Ultrathin and ultrasmooth gold films on monolayer MoS2
Dmitry I. Yakubovsky, Yury V. Stebunov, Roman V. Kirtaev, Georgy A., Ermolaev, Mikhail S. Mironov, Sergey M. Novikov, Aleksey V. Arsenin, and, Valentyn S. Volkov

TL;DR
This paper demonstrates that monolayer MoS2 can serve as an effective adhesion layer for depositing continuous, ultrathin gold films of 3-4 nm thickness, enabling flexible, transparent nanophotonic devices with metallic properties.
Contribution
It introduces the use of monolayer MoS2 as a novel adhesion layer for ultrathin gold films, facilitating the creation of continuous, ultrasmooth metallic layers at nanometer scale.
Findings
Ultrathin gold films on MoS2 exhibit metallic properties down to 3-4 nm.

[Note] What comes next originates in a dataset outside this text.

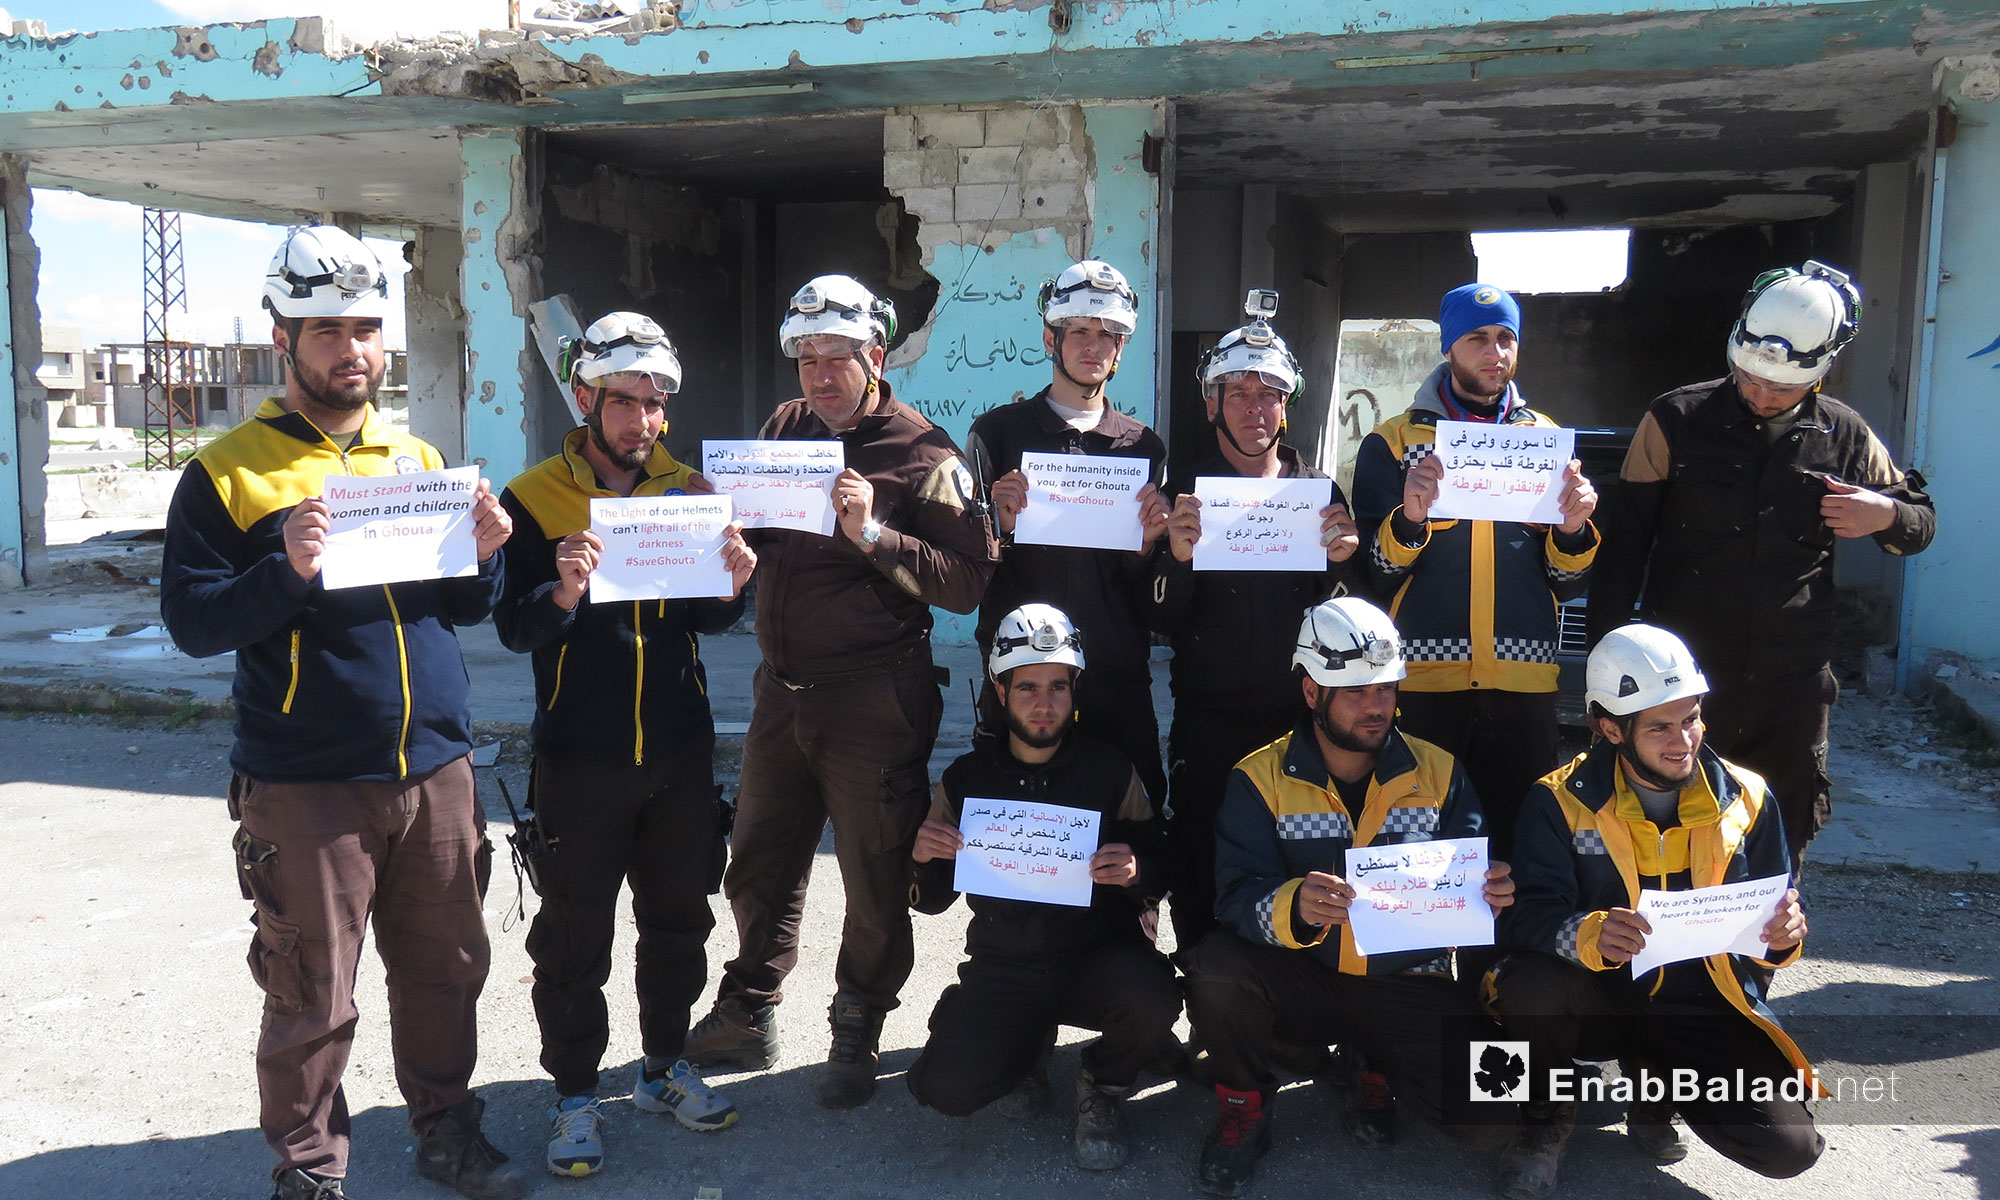 وقفة تضامنية لمراكز الدفاع  المدني مع اهالي غوطة دمشق في مدينة مورك بريف حماه الشمالي - 16 آذار 2018 (عنب بلدي)
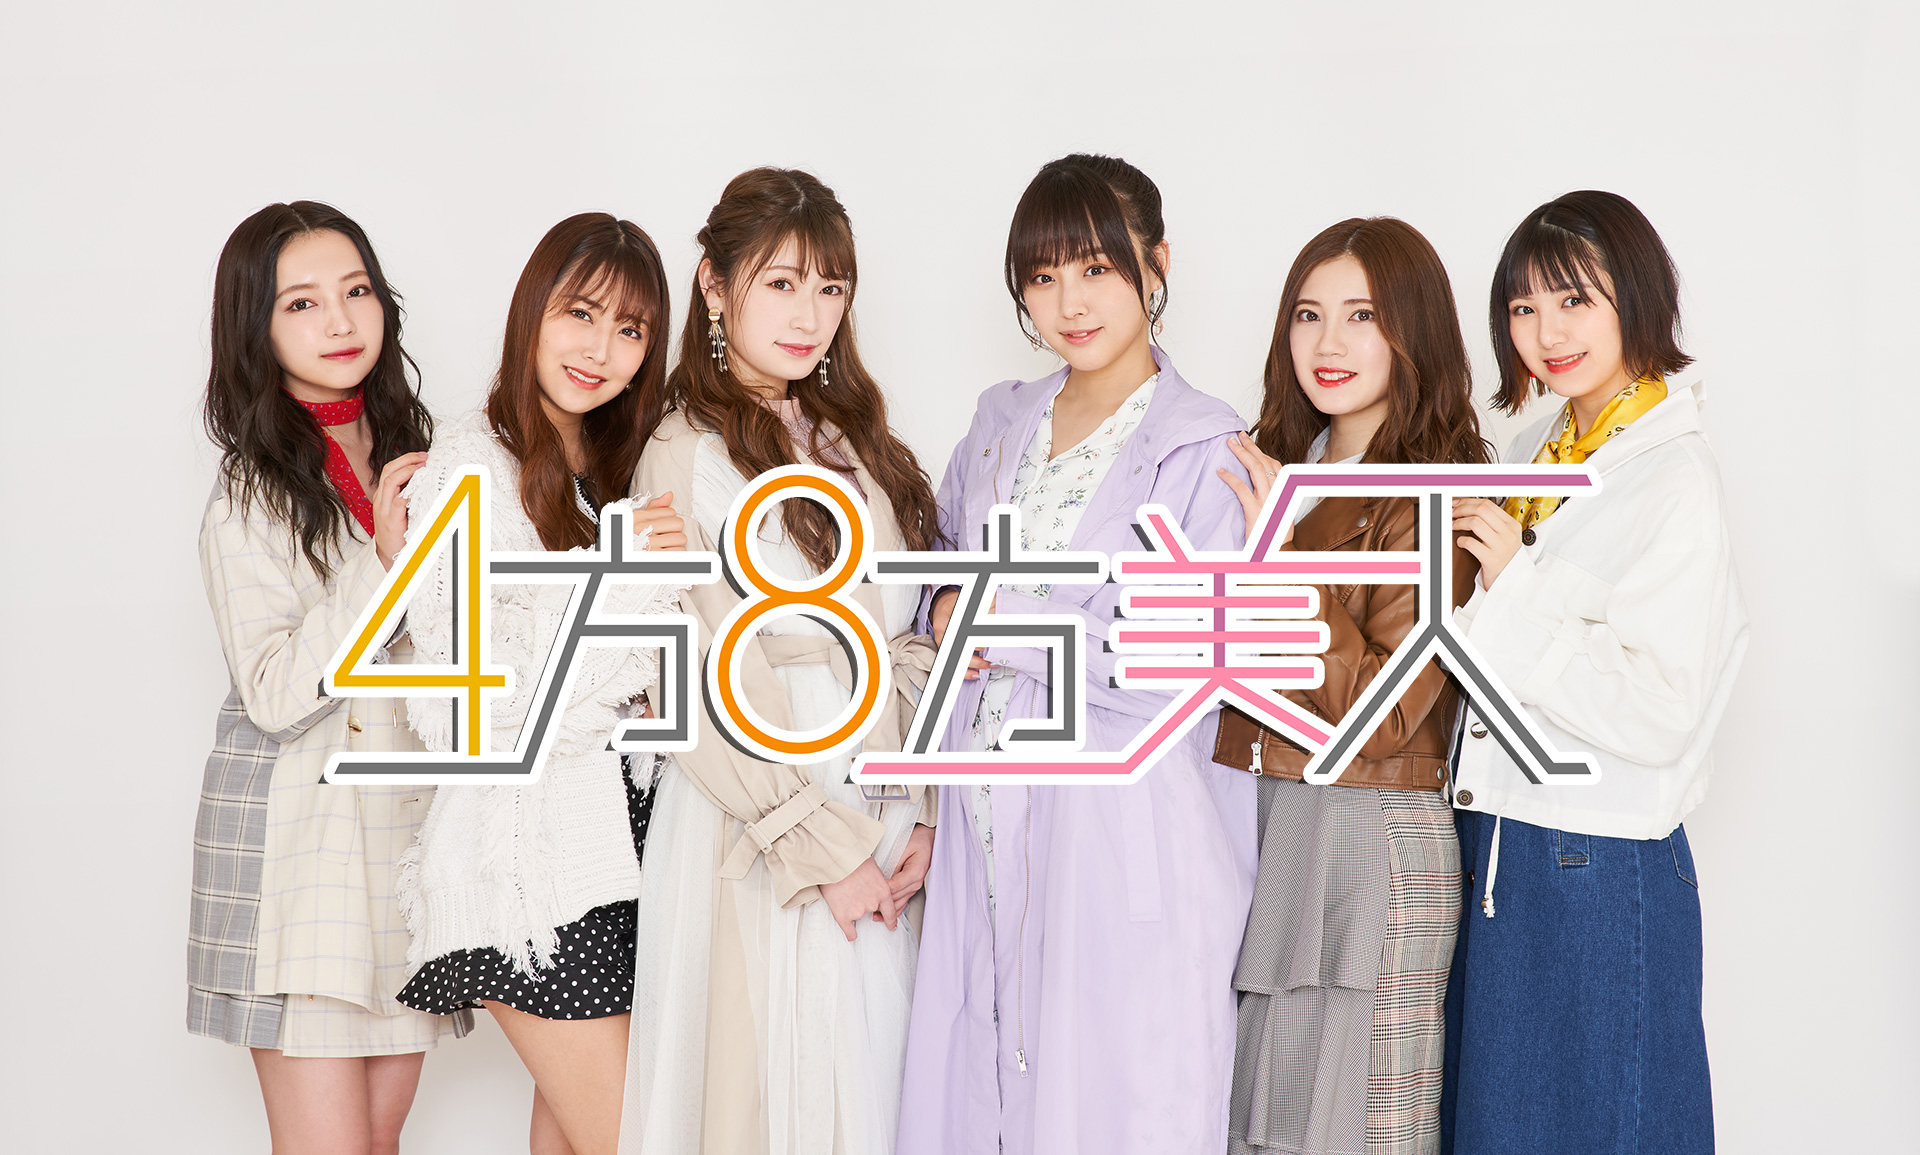 【吉田朱里/白間美瑠/村瀬紗英】3月29日からNMB48とSKE48出演の「4方8方美人」が大阪チャンネルで配信開始

Optical losses increase as film thickness decreases, due to fine-grained structure and voids.
Atomic-scale MoS2 interfaces can be transferred to various substrates for advanced device applications.
Abstract
Sub-10 nm continuous metal films are promising candidates for flexible and transparent nanophotonics and optoelectronics applications. In this Letter, we demonstrate that monolayer MoS2 is a perspective adhesion layer for the deposition of continuous conductive gold films with a thickness of only 3-4 nm. Optical properties of continuous ultrathin gold films deposited on two-dimensional MoS2 grown by chemical vapor deposition are investigated by spectroscopic ellipsometry over a wide wavelength range (300-3300 nm). Results show that optical losses in ultrathin films increase with decreasing thickness due to the fine-grained structure and the presence of a small number of voids, however, they exhibit metallic properties down to a thickness of 3-4 nm. The atomic-scale MoS2 interfaces can be transferred to any substrate and thus open up new opportunities for the creation of metasurfaces and…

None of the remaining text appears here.